Kiel is not a proper defendant for either of the federal discrimination claims. “[Tjhere is no individual liability for employees under Title VII.” Smith v. Amedisys Inc., 298 F.3d 434, 448 (5th Cir.2002); see also Ackel v. Nat’l Commc’ns, Inc., 339 F.3d 376, 381 n. 1 (5th Cir.2003). The statute forbids discrimination by an “employer,” a term defined as “a person engaged in an industry affecting commerce who has fifteen or more employees.” 42 U.S.C. §§ 2000e(b), 2000e-2. Professor Kiel was not the employer. This section also references “any agent” of an employer, but that term merely incorporates the principle of respondeat superior liability into Title VII. Amedisys, 298 F.3d at 448. There is caselaw suggesting that it may be proper to name a supervisor as the defendant as the agent of the actual employer. See Grant v. Lone Star Co., 21 F.3d 649, 652 (5th Cir.1994). No individual liability by the agent results, though. Id. at 652-53. The record indicates that Muthuku-mar has brought a separate suit against the University.

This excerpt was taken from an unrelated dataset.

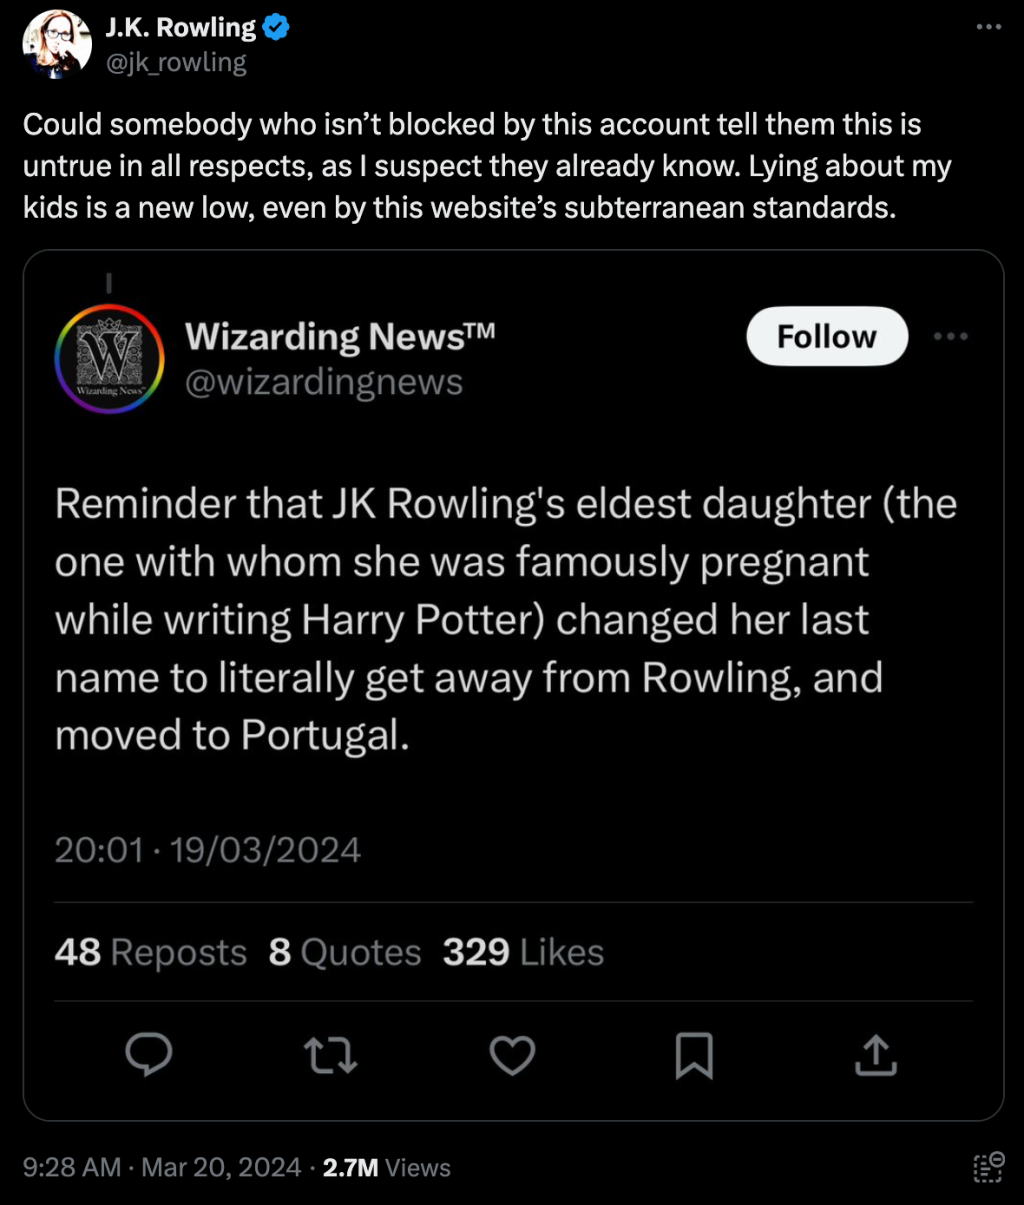 J.K. Rowling (@jk_rowling) on X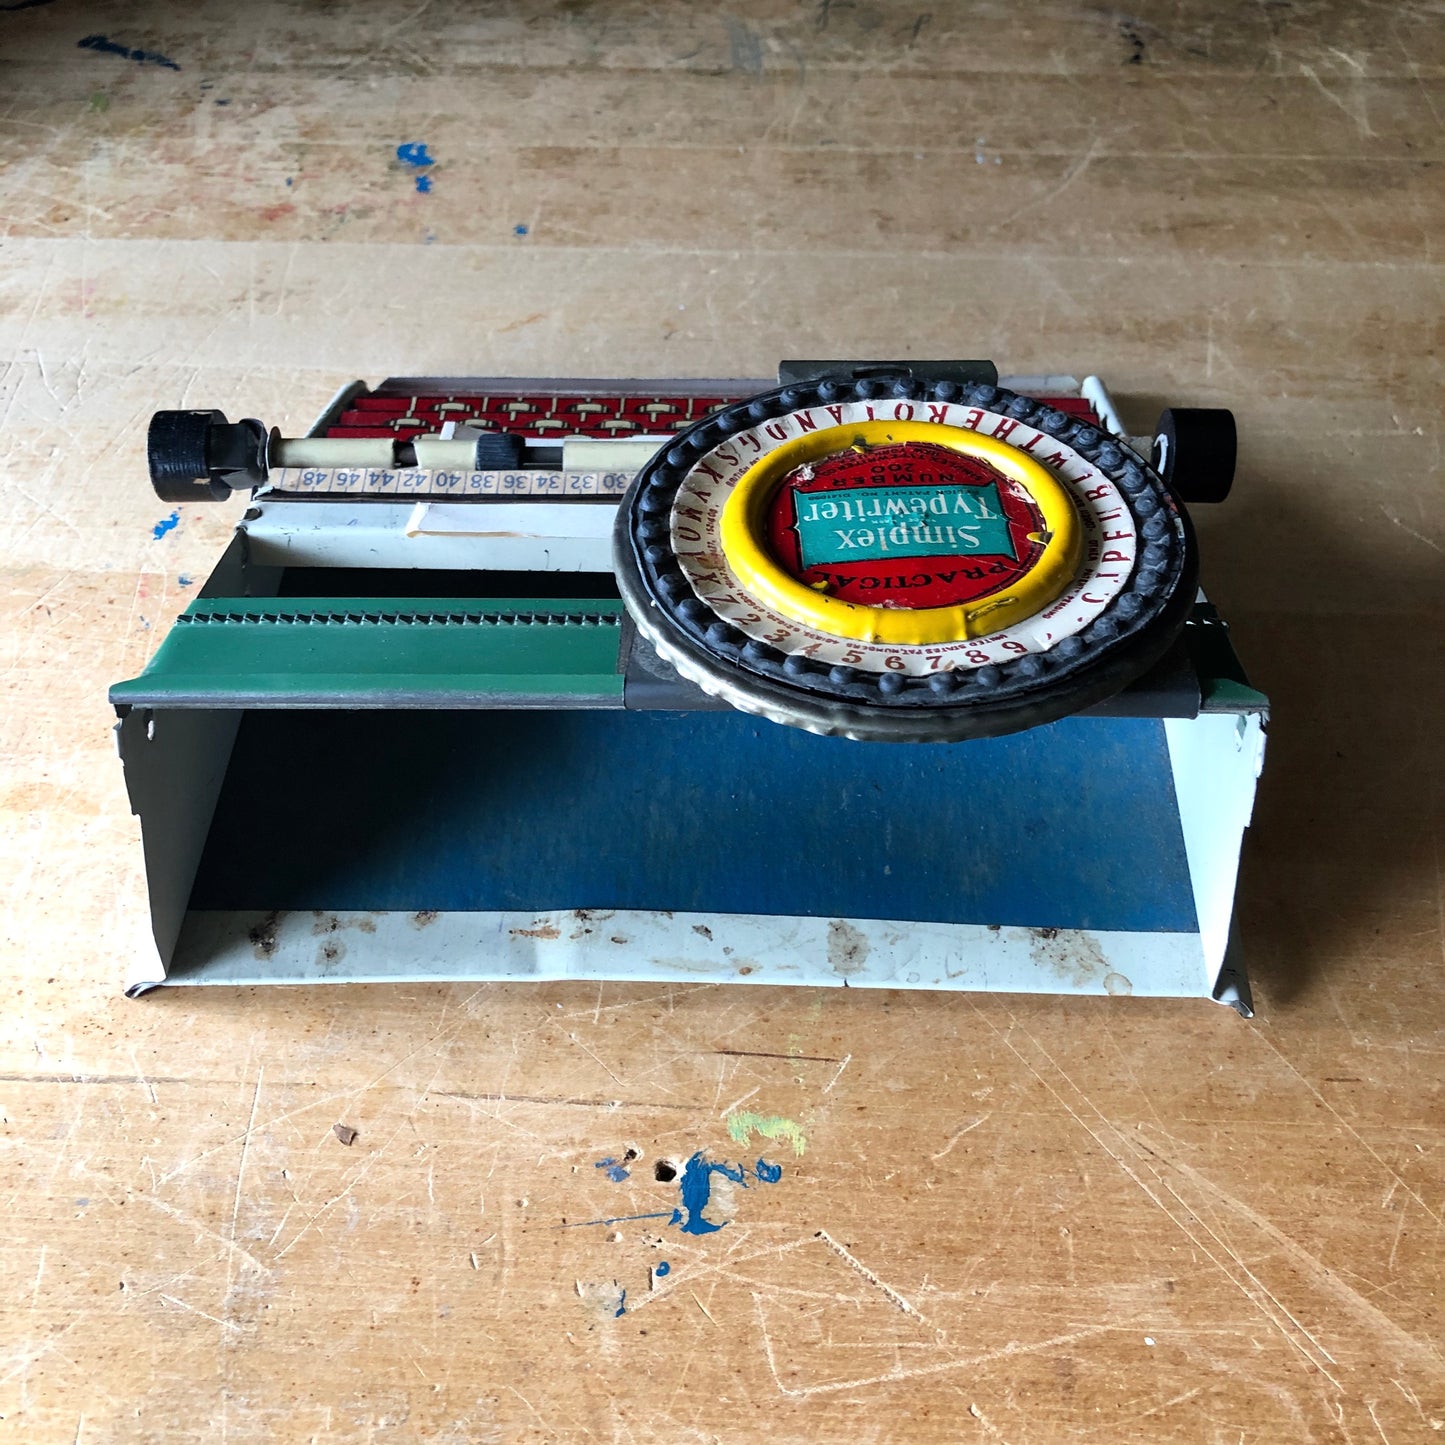 Simplex Toy Litho Tin Typewriter (c.1930s)

The amended complaint against Kiel in the present suit seeks to impose individual liability against him. Kiel was an employee of the University and is not a Title VII employer. Thomas v. Choctaw Mgmt./Servs. Enter., 313 F.3d 910, 911 (5th Cir.2002).

The Title VI claim similarly fails. As the district court recognized, that provision outlaws discrimination “under any program or activity receiving Federal financial assistance.” 42 U.S.C. § 2000d; *159 see generally United States v. Baylor Univ. Med. Ctr., 736 F.2d 1039 (5th Cir.1984). We agree with the Eleventh Circuit that Title VI permits suits only against public or private entities receiving funds and not against individuals such as Kiel. Shotz v. City of Plantation, Fla., 344 F.3d 1161, 1171 (11th Cir.2003).

Finally, the Section 1983 claim requires allegations that state actors deprived a plaintiff of federal rights. Lauderdale v. Tex. Dep’t of Criminal Justice, 512 F.3d 157, 165 (5th Cir.2007). Muthu-kumar has not alleged a violation of any constitutional provision, and the only federal statutory rights he has invoked are Title VI and Title VII. The district court was right to dismiss this claim.

II. State Causes of Action

Texas law sets out a specific scheme for plaintiffs to pursue tort claims against the state and its employees under the Texas Tort Claims Act. See Mission Consol. Indep. Sch. Dist. v. Garcia, 253 S.W.3d 653, 655-56 (Tex.2008).